I worked off a too-heavy lunch of laap khom and sticky rice and walked the farm with Ai Seud to plan out this week’s work: cut the grass. Clean up the dyke along the small irrigation canal. (That would be choice veggie bed terrain, given time and improved soil.) Stake netting around one of the veggie beds to keep out the chickens so I can plant corn, sorghum, Job’s tear, grain amaranth and maybe some dry rice. Prepare the seedbed for the neighbor’s rice field. Plant Thai melons and pumpkin in select spots along the dykes. Plant the coffee, tea, sweetleaf and other seedlings I placed in odd locations around the farm. Plant sorghum in the “compost beds” for carbon (along with the already planted sunn hemp and mung bean for nitrogen).

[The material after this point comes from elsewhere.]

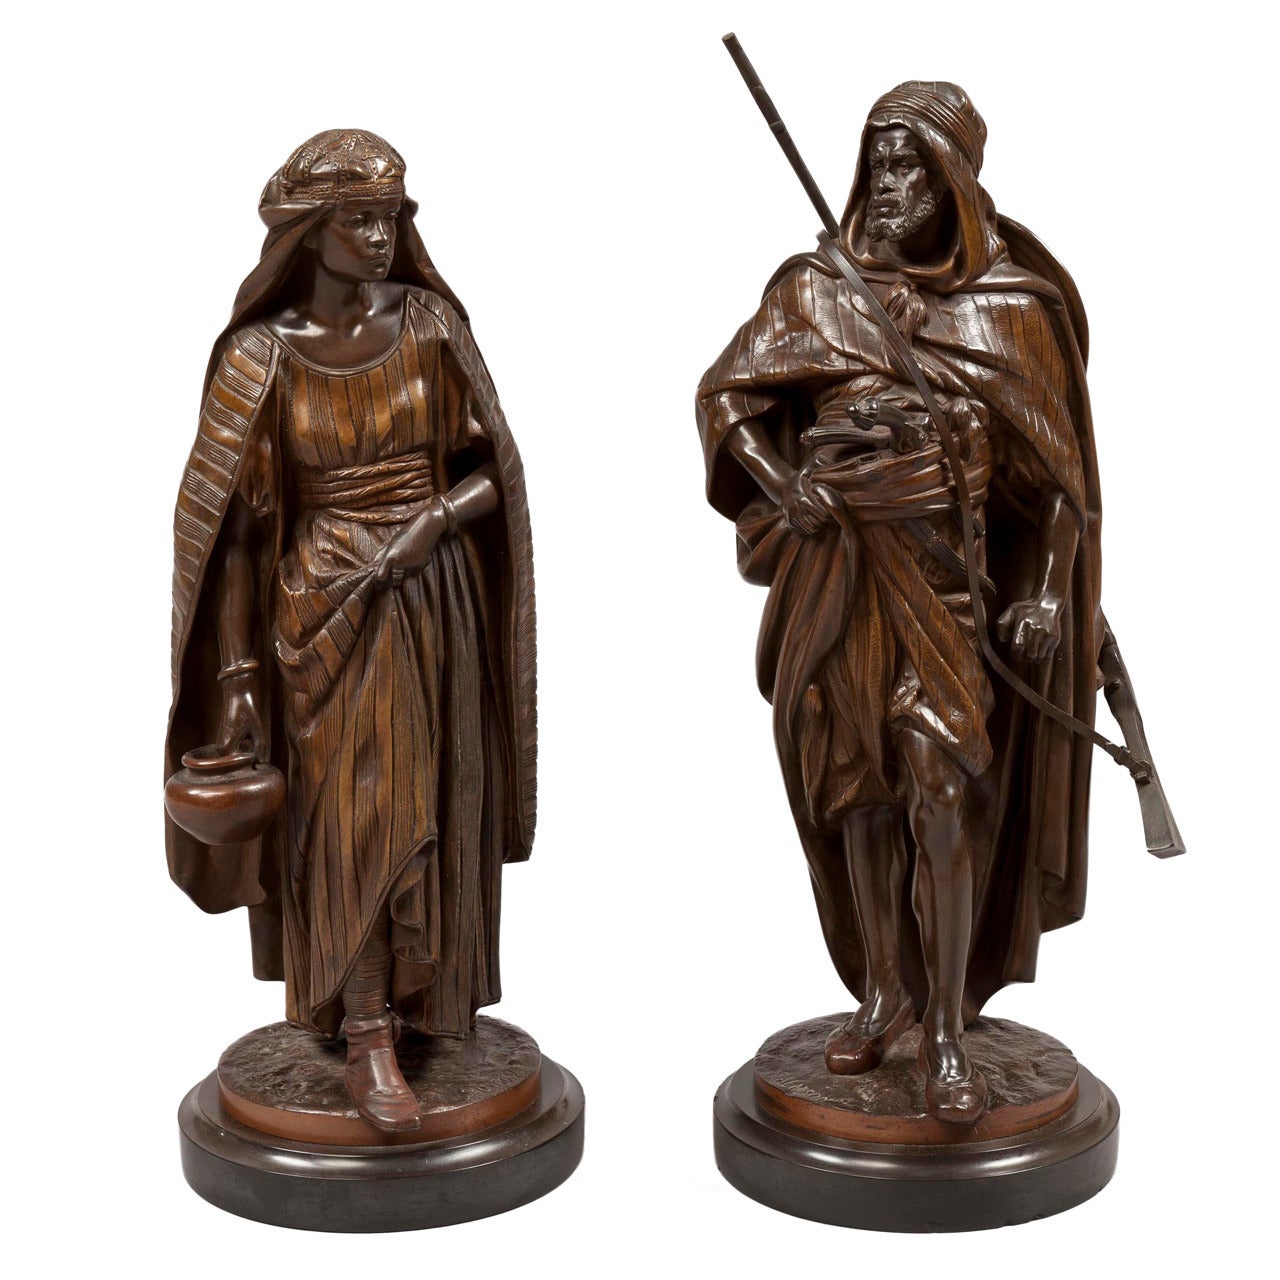 Pair of Figural Orientalist Bronzes by Jean Jules Salmson, 1823-1902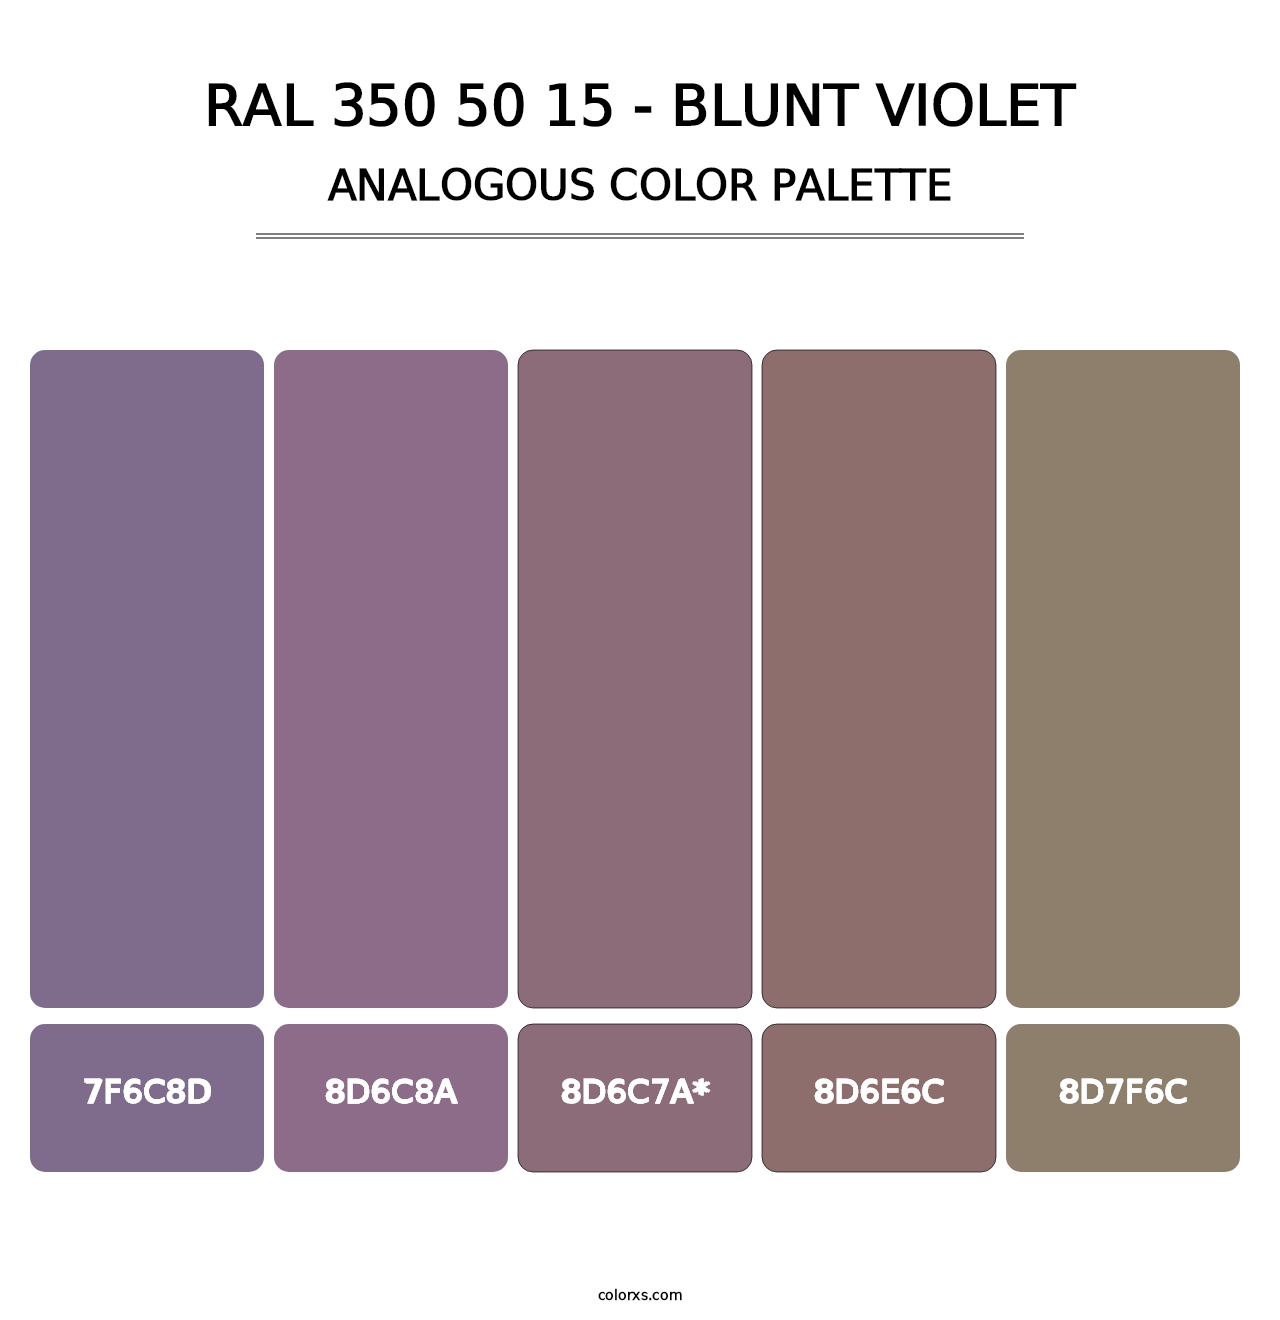 RAL 350 50 15 - Blunt Violet - Analogous Color Palette

We had a hard look at Ai Eed’s paddy problem. The paddy is a boggy mess, mostly ignored and poorly farmed by the previous tenant. That’s good in a way: since he mostly left it fallow and then sloppily farmed just a part of it, the soil might have had a chance to rest a bit. And he couldn’t afford to be too crazy with the chemicals. I didn’t notice a great abundance of snail eggs stuck to the grass. Some places in the neighborhood are tinged pink with a profusion of egg clutches. It seems the more molluskicide they dump, the more golden apple snails they get. Ai Eed’s place didn’t look too bad, but it’s still an issue. If we open a drain for him into our system, we need to make sure we have nets in place to prevent his snails and predator fish from entering, or our fish from exiting. And because the place is so boggy and overgrown with weeds, the tractor guy wants 1,500 baht to do the job, which is quite a bit more than the norm.
6.30 a.m.
Road my bike the 1 km to the farm and fed the ducks and chickens. They both got some soybean meal with their rice today, byproduct of Sarah’s most-delicious soymilk. She mixed some of our brown rice with organic soy from ISAC (Institute for Agricultural Communities). She reckons it’s about the right consistency (next time add more brown rice) but a bit too sweet. Sounds right to me.
The first generation of chickens out of Sao Baannork and Jao Phor (Country Girl and Godfather) aren’t afraid of me like the elders and will eat out of my hand. Jao Por is finicky and disdains everything but broken rice (a mill byproduct), but the kids eat everything. The day before I fed them a mad mix of stuff: soybean cake, leftover steamed cassava, overripe bananas, rambutan and longkong. They gobbled it all up.
I was looking at the neighbor’s overgrown paddy and heard what I believed to be peeps from swamp hen chicks in a tangle of weeds under a leucena tree that some workers had cut down and chucked in the paddy. Typical, that: cut and thrown into the paddy. Not chopped neatly into firewood. Not cut up into an unruly pile on the dyke. Toppled over into the rice paddy for someone else to deal with.
Anyway, Ai Eed just bought the land and filled a space for a house and a drive. He asked me if I wanted to farm the rest. They have a bad drainage problem (ie. no drainage at all). I told him I’d let him lay a drain pipe into our canal system if he promised to never use chemicals. As a city guy working for a mobile telephone company and only considering farming as a kind of landscaping, organic is easy for him. He agreed. Now we need to negotiate with the tractor guy.
I took some pictures of the paddy. We’re going to open the dykes and flood the paddy. Ai Seud is going to transplant the last small remaining section of paddy. The morning was stunning, the rising sun cutting slices of golden light through the shadows across the paddy.